ElBaradei, the IAEA Director General, has gone as far as to say that he would resign if Israel attacks Iran as such an attack would turn the Middle East "into a fireball".

"I don't believe that what I see in Iran today is a current, grave and urgent danger. If a military strike is carried out against Iran at this time ... it would make me unable to continue my work," said the IAEA chief.

ElBaradei, repeatedly stressing that a military strike would be the worst result for the region, added that an attack would give Iran more motivation to obtain nuclear power, Reuters reported.

In Israel the case for war is being loudly made by such intellectual pygmies as John Bolton, who is telling any Israeli TV station that will listen that Israel should attack Iran.

The end of an immoral regime, steeped in illegality, like the Bush one is always bound to be it's most dangerous phase. There are people like Bolton who realise that their extremism is likely to have alienated the general public and who are anxious to do what they can to push their extremist agenda before they are booted out of office.

It has even been stated by Kristol that Bush is considering attacking Iran if Obama wins the election in November. The neo-cons accept that their brand of "attack first and never negotiate" politics is not going to be policy if a Democrat wins the White House and the danger here is that they are going to goad Olmert into taking action before a Democratic victory in November.
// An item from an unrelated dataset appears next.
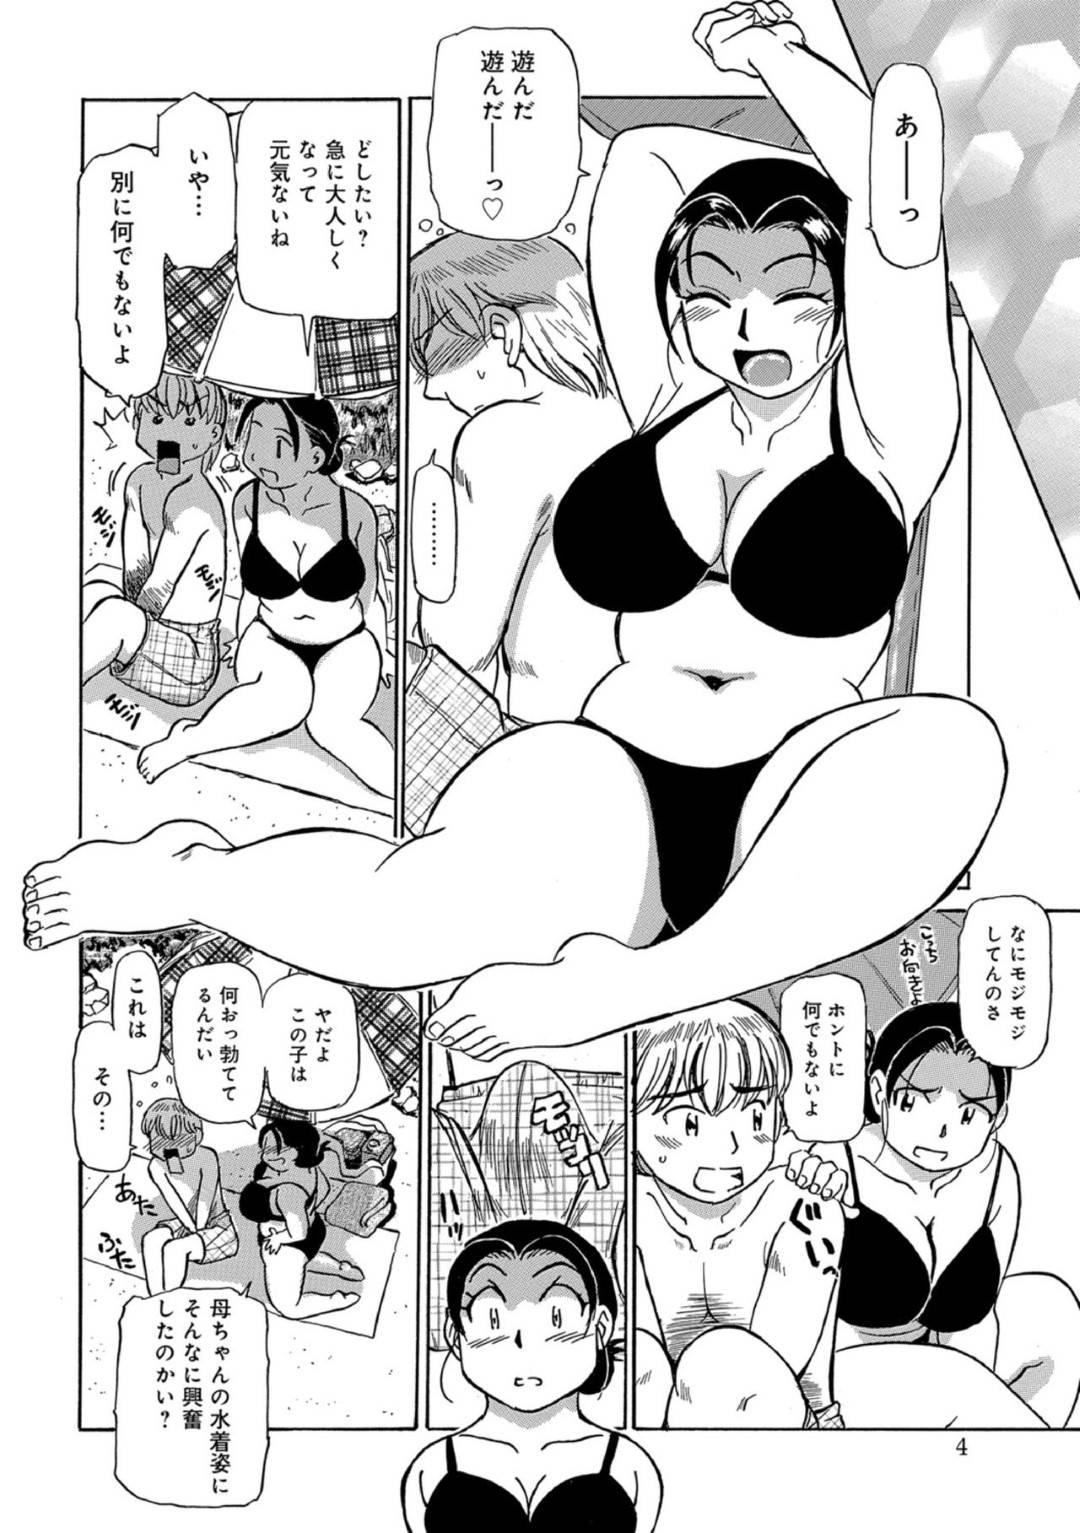 【エロ漫画】息子と海水浴に来た熟女母は、自分の水着姿で興奮して勃起した息子に襲われ生ハメ中出しセックスでイキまくる!

There are noises that the military in the US are pushing back strongly against Bush and Cheney's wish to see an attack on Iran:
However, there are also those in strong positions, such as Defence Secretary Robert Gates and some senior military chiefs, who are thought to be privately opposed to such a move. 'If it were up to Bush and Cheney they would want to see this thing done,' said Larry Johnson, a former top CIA analyst. 'But they are now up against a lot of fundamental military realities that make it hard. The military has been pushing back against this.'
All of which increases the possibility that Bush might just give Olmert the nod to do what he wants to do. And they are considering it now for the simple reason that they know Obama would not approve and that their window of opportunity is closing.

Only with a radical neo-con regime in the White House would such an insane proposal even be considered and, as it comes to the end of it's diabolical time in office, it is actually more dangerous rather than less. Time is running out and they know it.